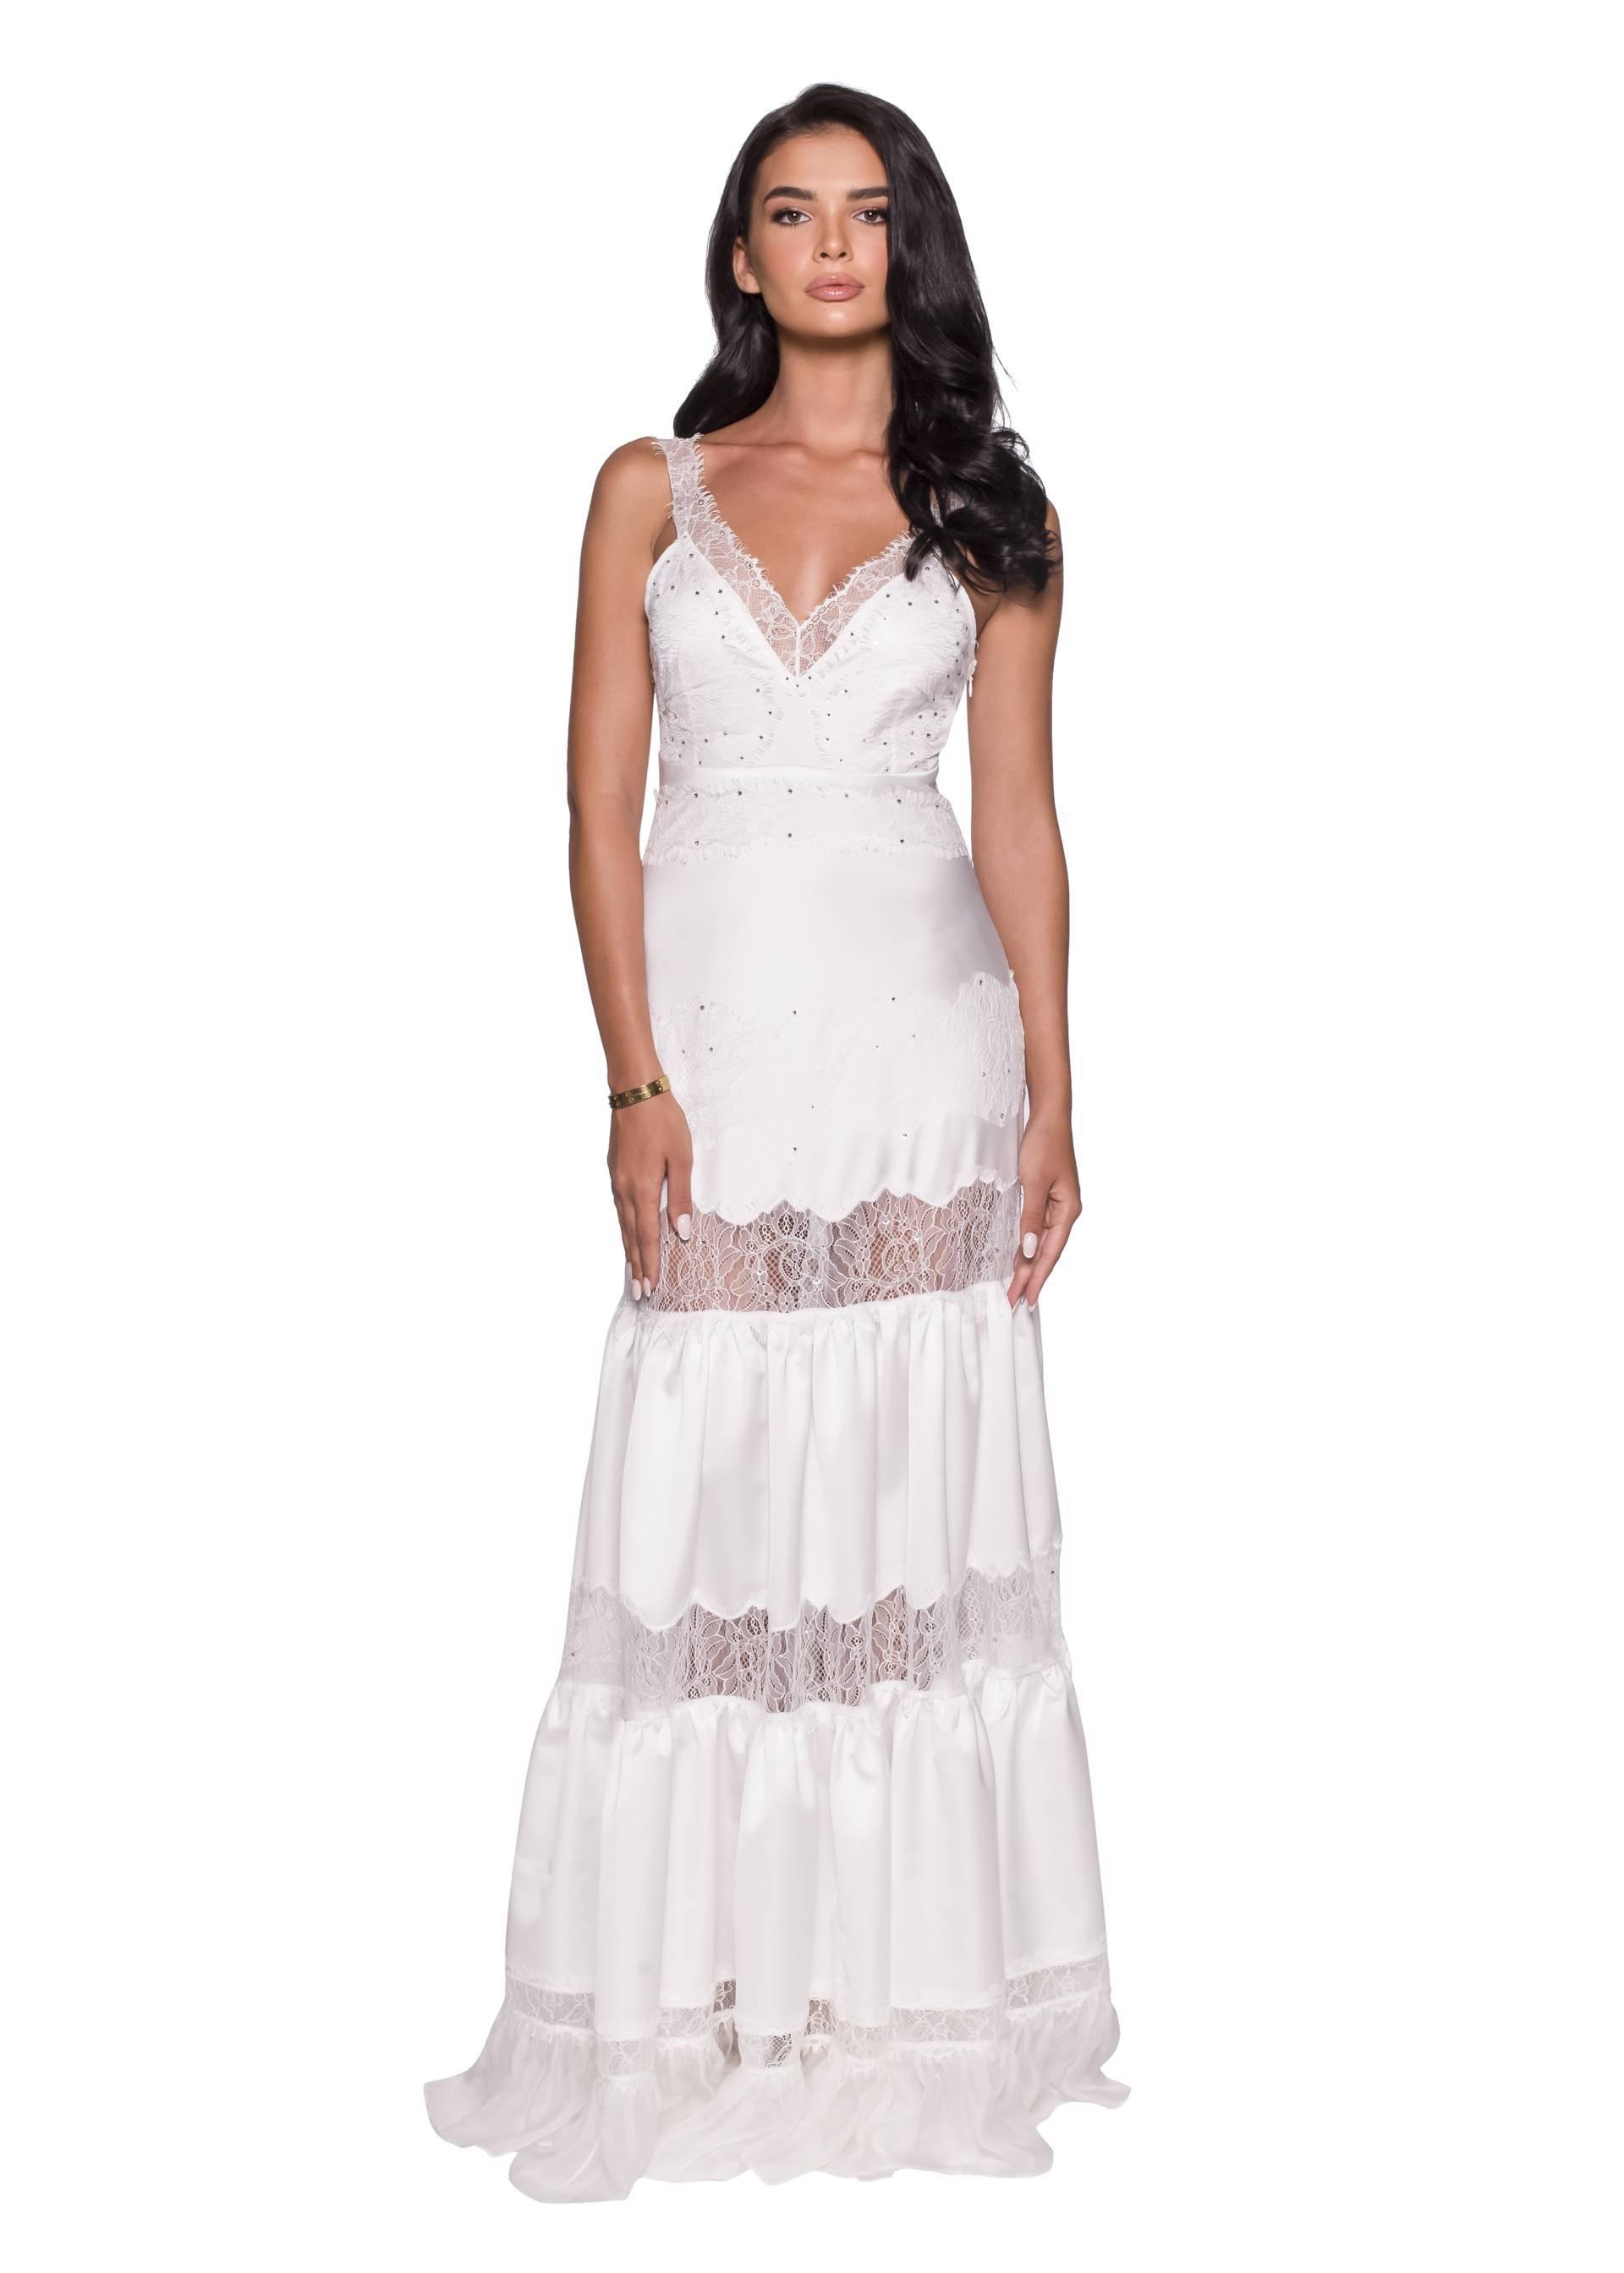 1791f3db38 Bohemian Wedding Dress • Online Shop | Women's clothing | Fashion ...
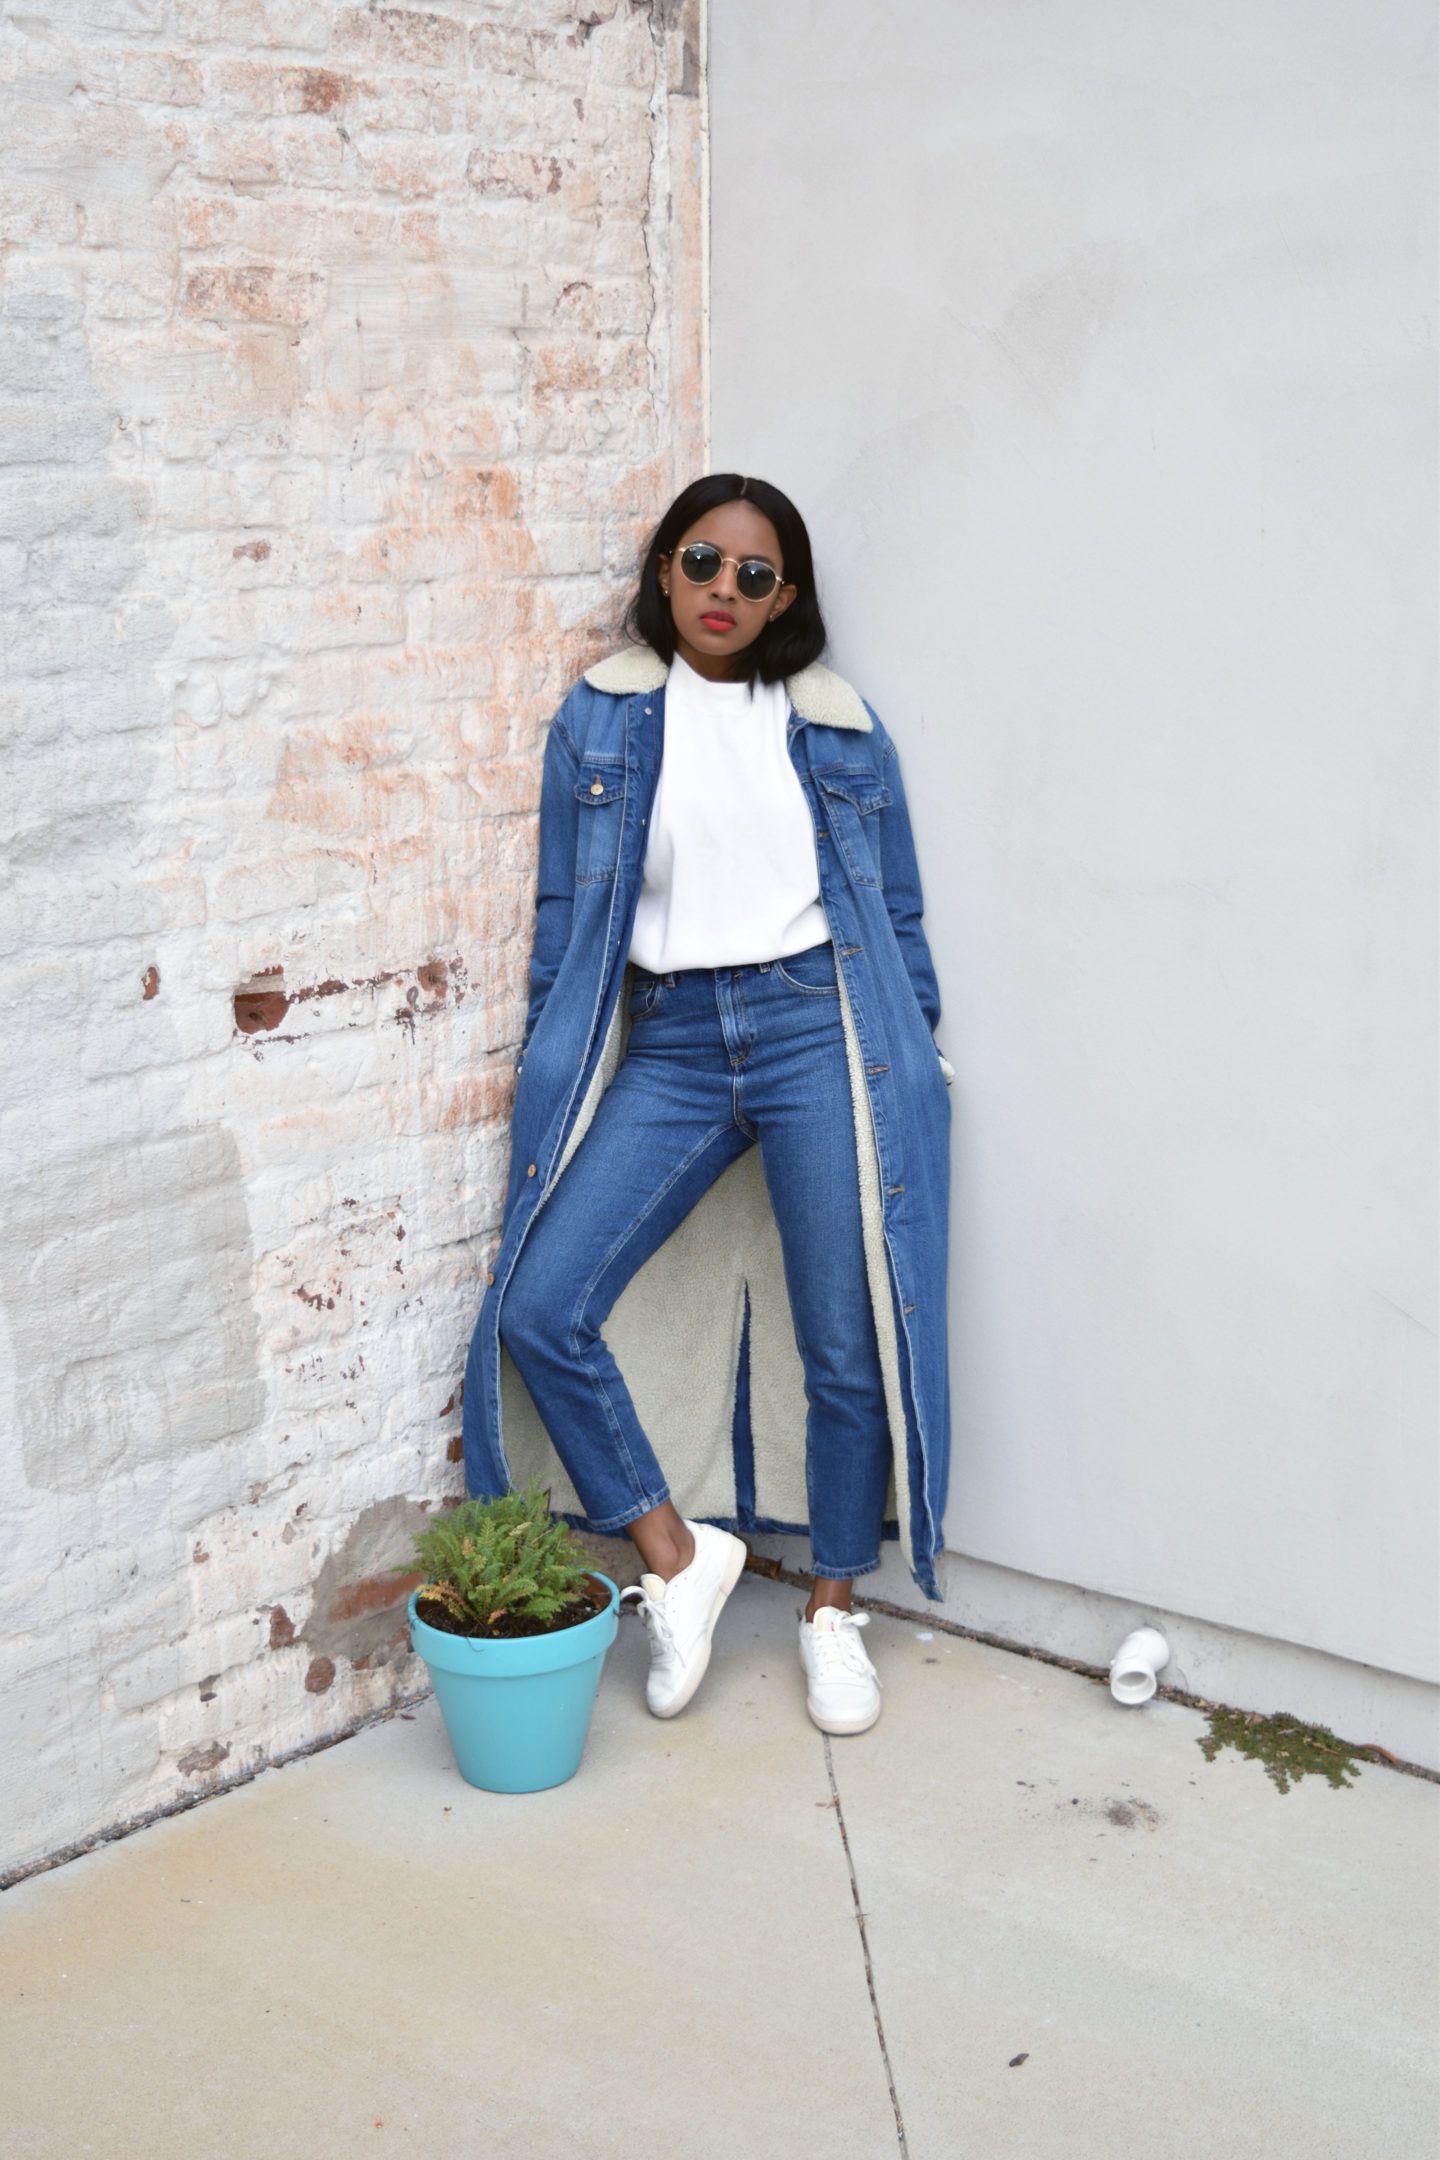 Canadian Tuxedo/ Denim on Denim   Zara Denim Sherpa Longline Jacket - Asos Farleigh Jeans - Reebok Club C 85 Vintage Sneakers
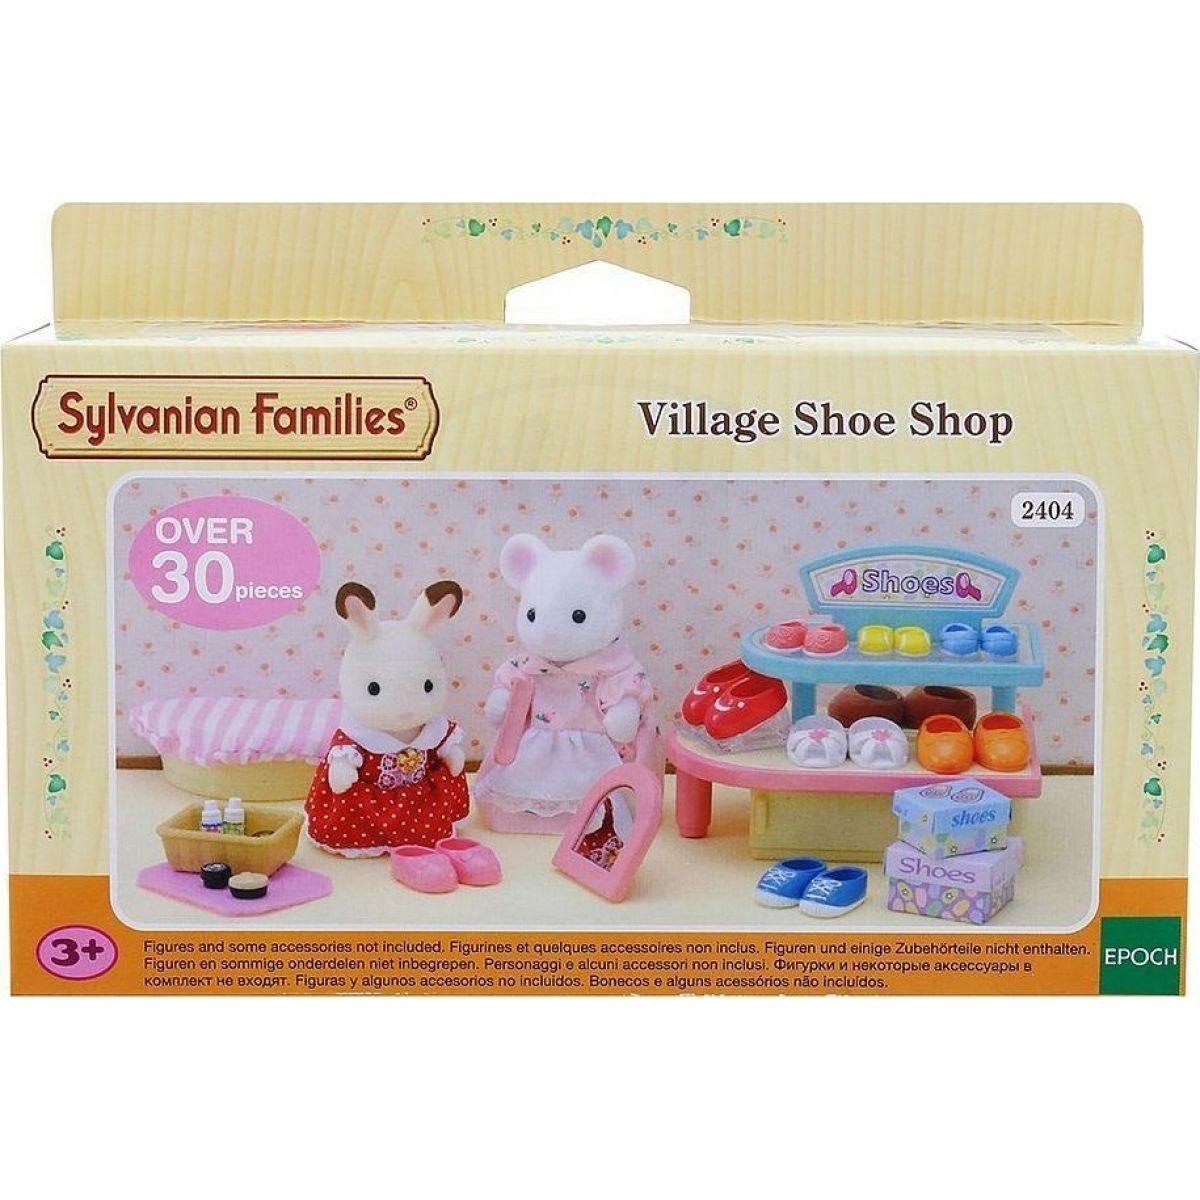 85f4151dda89 Sylvanian Families Vidiecky obchod s topánkami 2 Sylvanian Families  Vidiecky obchod s topánkami 3 ...

■ **What is needed**
Could you give the listing above again word for word, without any pictures?

■ **Solution to this task**
 1791f3db38 Bohemian Wedding Dress • Online Shop | Women's clothing | Fashion ...
 Canadian Tuxedo/ Denim on Denim   Zara Denim Sherpa Longline Jacket - Asos Farleigh Jeans - Reebok Club C 85 Vintage Sneakers
 85f4151dda89 Sylvanian Families Vidiecky obchod s topánkami 2 Sylvanian Families  Vidiecky obchod s topánkami 3 ...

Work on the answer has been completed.